34) He talked about Biden’s having been wrong on the Gulf War and a few other matters. I wish he had gone a little into the Cold War, too — where Biden opposed pretty much everything that worked.

 

35) Schieffer said they were going to talk about “climate control,” which sounded like the temperature in a living room, or car. McCain corrected him to “climate change” — guess he couldn’t help himself.

 

36) I’m sitting there thinking, “We Republicans certainly couldn’t have Romney — he was too smooth, too slick, too articulate, too handsome, too successful, too rich, too this, too that.” Yeah, well, a little Romney might be helpful right about now.

 

And yet, the contrast — the sheer contrast — between Obama and McCain should work. It has its own effectiveness.

 

37) McCain said, “I admire Senator Obama’s eloquence, but you have to listen to him very carefully” (or words to that effect).

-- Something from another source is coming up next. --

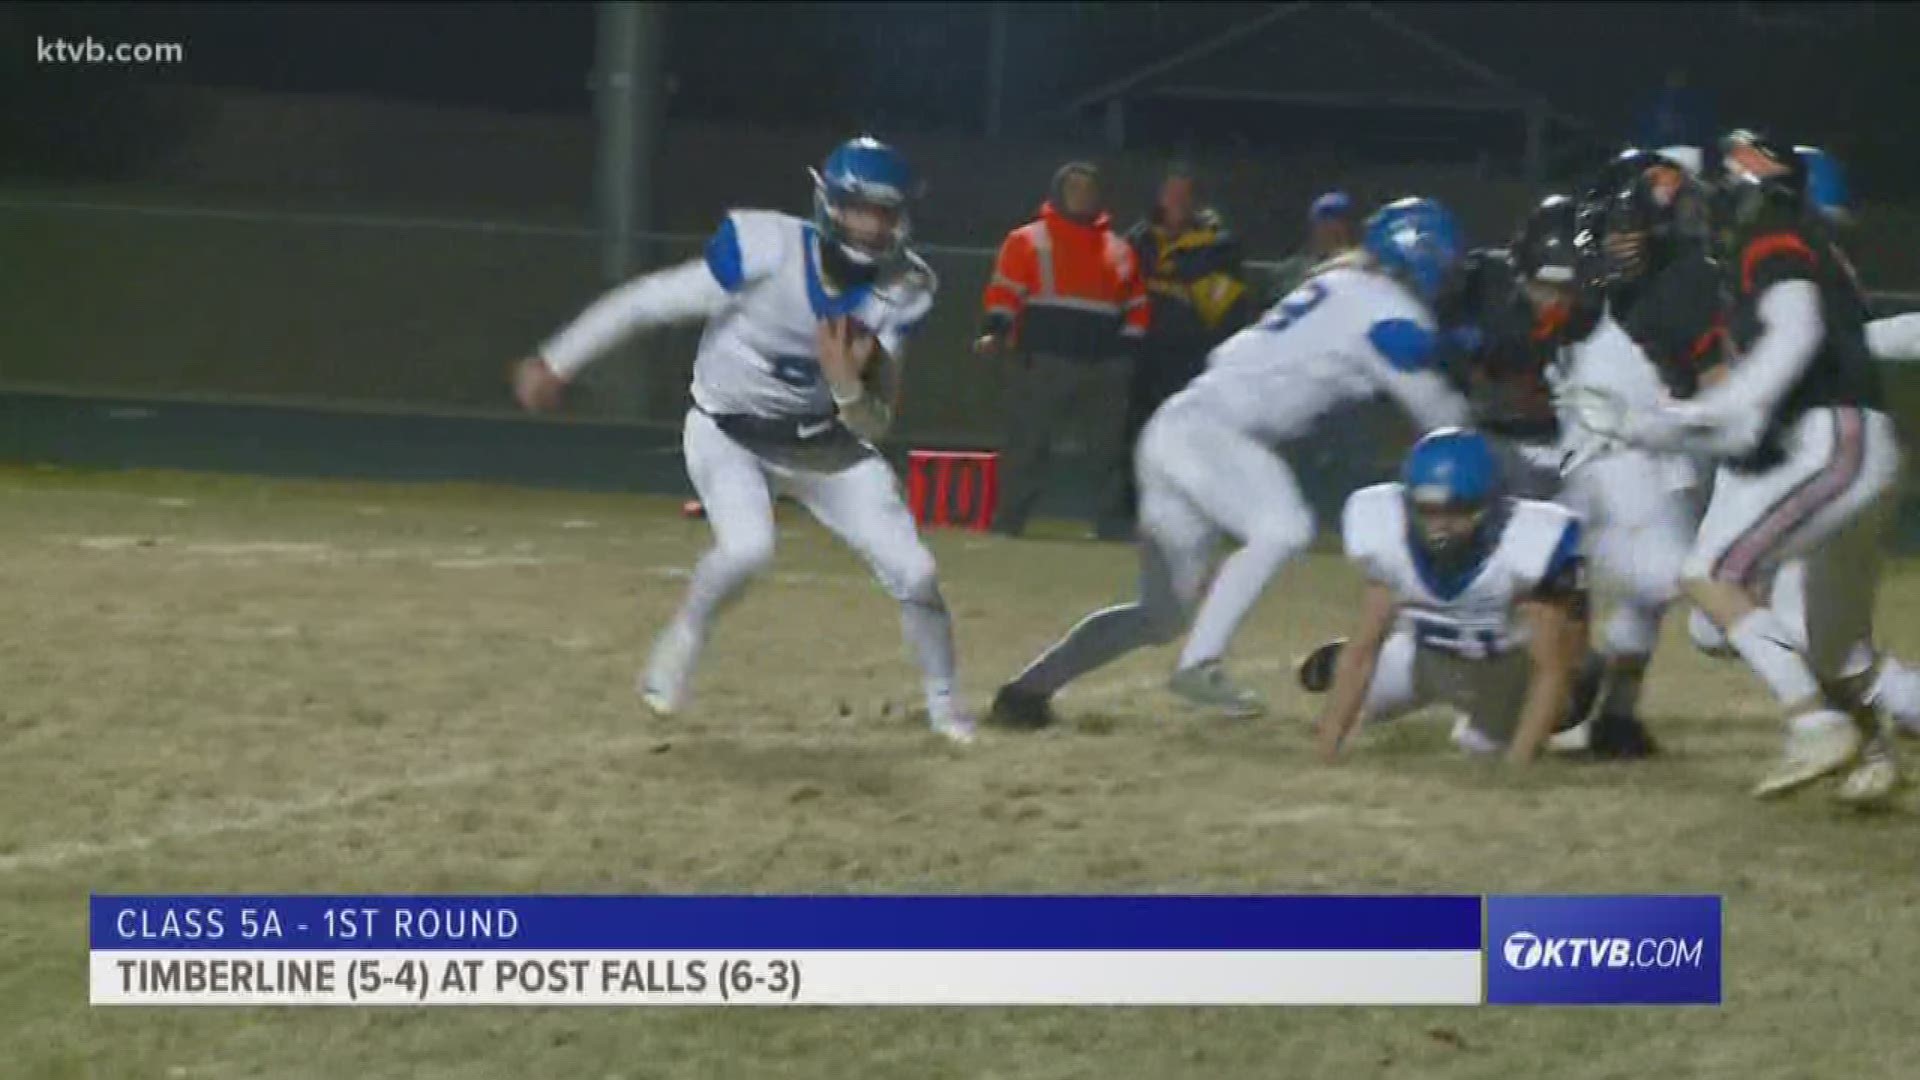 Timberline (5-4) beat Post Falls (6-3), 19-7, winning their first playoff game in school history.

An excellent rhetorical tactic.

 

38) On Colombia, on which he is extremely unreasonable, Obama managed to sound reasonable — talking about the assassination of labor leaders. I wish McCain had said something like, “Uribe knows plenty about assassination — he faces it all the time. He is fighting a war against full-time assassins and terrorists. His father was assassinated by terrorists. Uribe is one of our best allies in all the world. We should help him, Colombia, and most of all ourselves — by trading freely with them.”

 

39) Obama said, “. . . insurance companies can’t discriminate on the basis of preexisting conditions.” I’m sorry, but what’s the job of insurance companies if not to discriminate — to exercise discrimination? Isn’t that how the business works?

 

40) When McCain was talking about luxury health care, he mentioned cosmetic surgery and then transplants — did I hear that right? Am I misunderstanding?

 

41) Obama says “choose to keep the baby.” Very, very interesting wording: “choose to keep the baby.” Another way of saying that is: “choose not to . . . well, do away with the baby.” Same diff, right? 

 

42) McCain was very, very strong on education as a civil-rights issue. This was his best segment of the night, probably.

 

43) Oh, well. I think I’ll knock off for now. Forty-three’s enough. (No GWB jokes, please.) And I’ll end as I began: Obama is the debater, yes. But we’re not electing a debater. These are incredibly difficult, even perilous, times — and I hope McCain pulls it off. I hope he and Sarah have a superb, surprising last few weeks.

 

In these debates, Obama had to prove that he was not a leftist who would take the United States in dangerous new directions. He did — that is, he came off that way: moderate, reasonable, measured — practically a David Boren or Sam Nunn (and maybe even a Richard Lugar — a Republican he mentioned during the third debate).

 

McCain could have framed the election as an old warrior — conservative but maverick — against an untested and callow leftist: “the most liberal member of the Senate.” That did not quite happen. But I’m sure he did his best. And — who’s repeating himself now? — I hope like mad he wins.

 

That’s enough from me, ladies and gentlemen, and I’ll see you soon, with more points: though not so many at once.